Stunned by poverty—how hard it was to write during those early years. Belly gnawing, I kept at it: I lay down, I got up, sat at the big table. Storms hunkered over the roof tops, the sun licked at the roofs, snow bundled them, and I was cold, cold. Smoke puffed from chimneys, bent in the icy mornings like hearse plumes. Chimneys—I never wanted to count them; broken, dying chimneys, strewed the city below me. One brick stack leaned far over, yet belched smoke.
Pimps lived on one side of me, prostitutes on the other; I could not move without paying my rent. My place was never warm: my hands cracked because of the cold. I kept my legs wound in rags, coughing.
Because of pleurisy I had to sell all of my books: Mary sold them for me, one by one, maybe two or three at a time. How old was Mary? Twenty? I was about twenty-five. It would take another twenty-five years to dim her memory: the stalk of her body, her restless, weightless feet. She bent a little to the left, as if injured, the arms also restless, the eyes inward. Did she ever laugh?

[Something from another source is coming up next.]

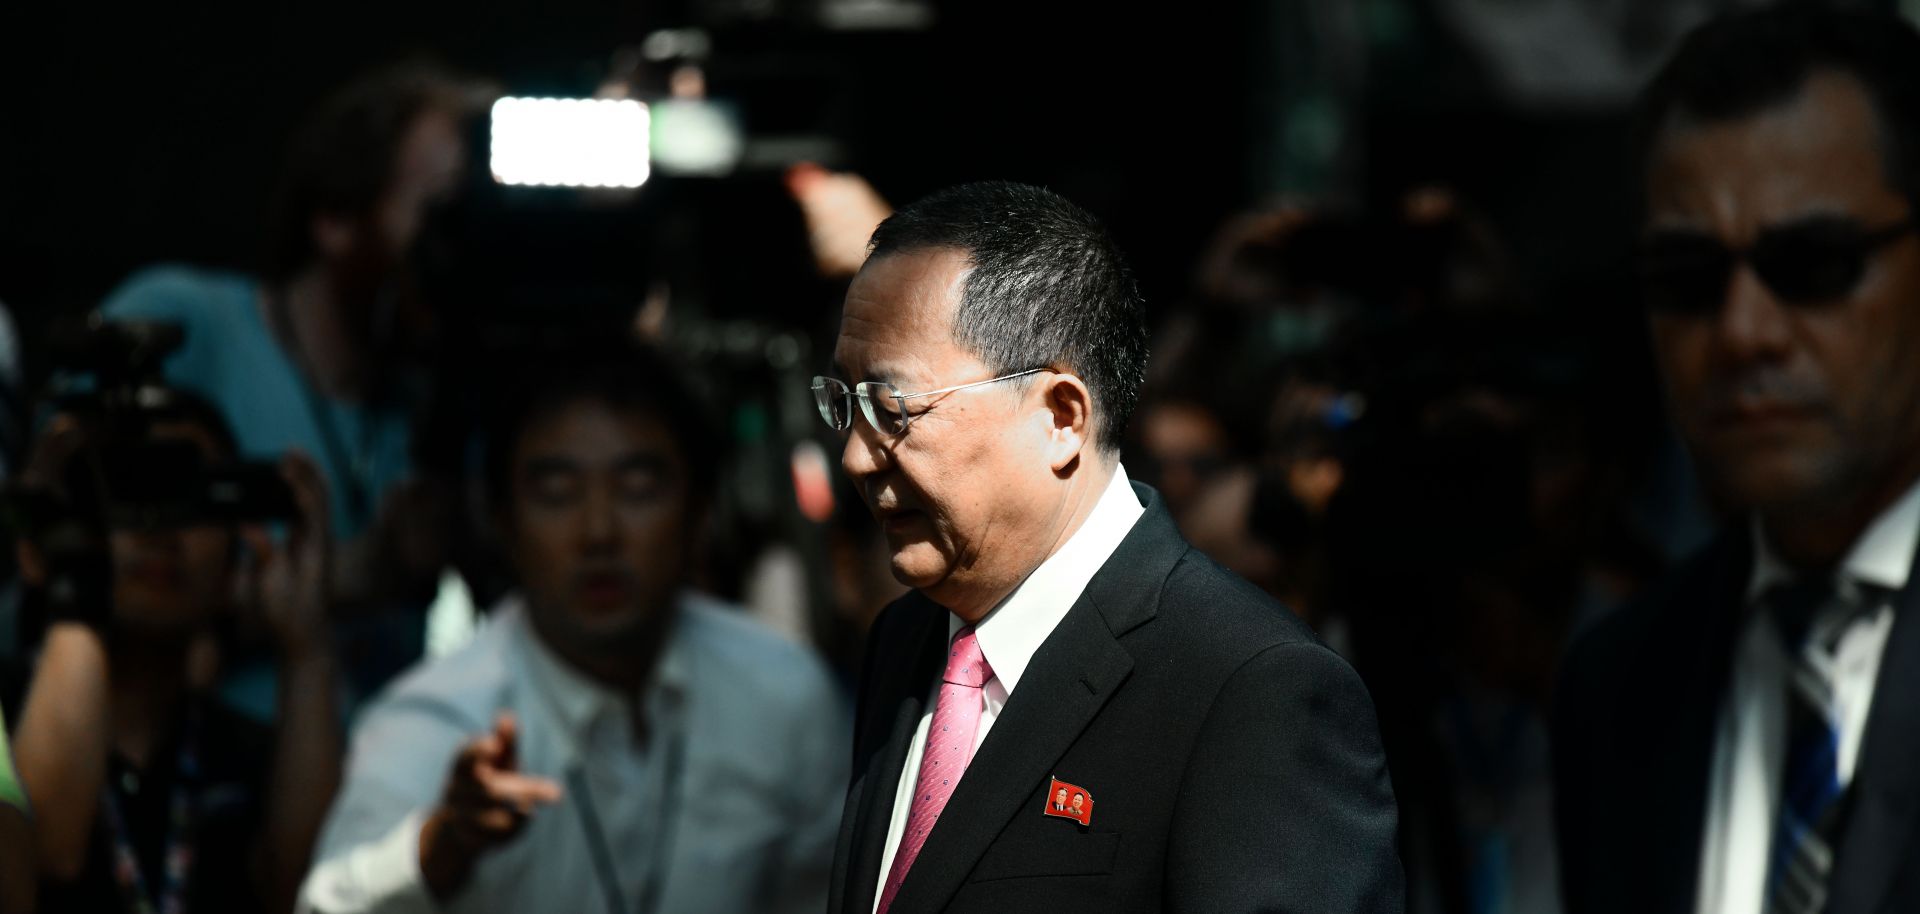 North Korean Foreign Minister Ri Su Yong leaves his hotel in New York on Sept. 25, headed to a news conference in which he accused the United States of declaring war.

Her smile always seemed something pushed into being, only a little jolt got it there.
She sold my books and bought my food and fed me, the hell of pleurisy riding me: tears in my eyes I attempted to eat: tears of many kinds crushed me. The roofs, the cold, the sorrow, how they come back to me! The anguish in my side went on for weeks but Mary never failed or complained: she fucked men at night and succored me during the day: sometimes she slept on the floor beside my bed or lay across the foot of the bed, a blanket around her. Her black hair might unpin itself and lie about her.
“Let’s keep a bird, when it’s Spring,” I suggested.
“How can you feed it, w-w-w-without money?” she asked.
“My father is sending money.”
“When? Soon?”
“Has someone written to him? You must see to it, Mary. Make someone write.”
“I think s-s-s-so. I’ll try again, ton-n-n-night.”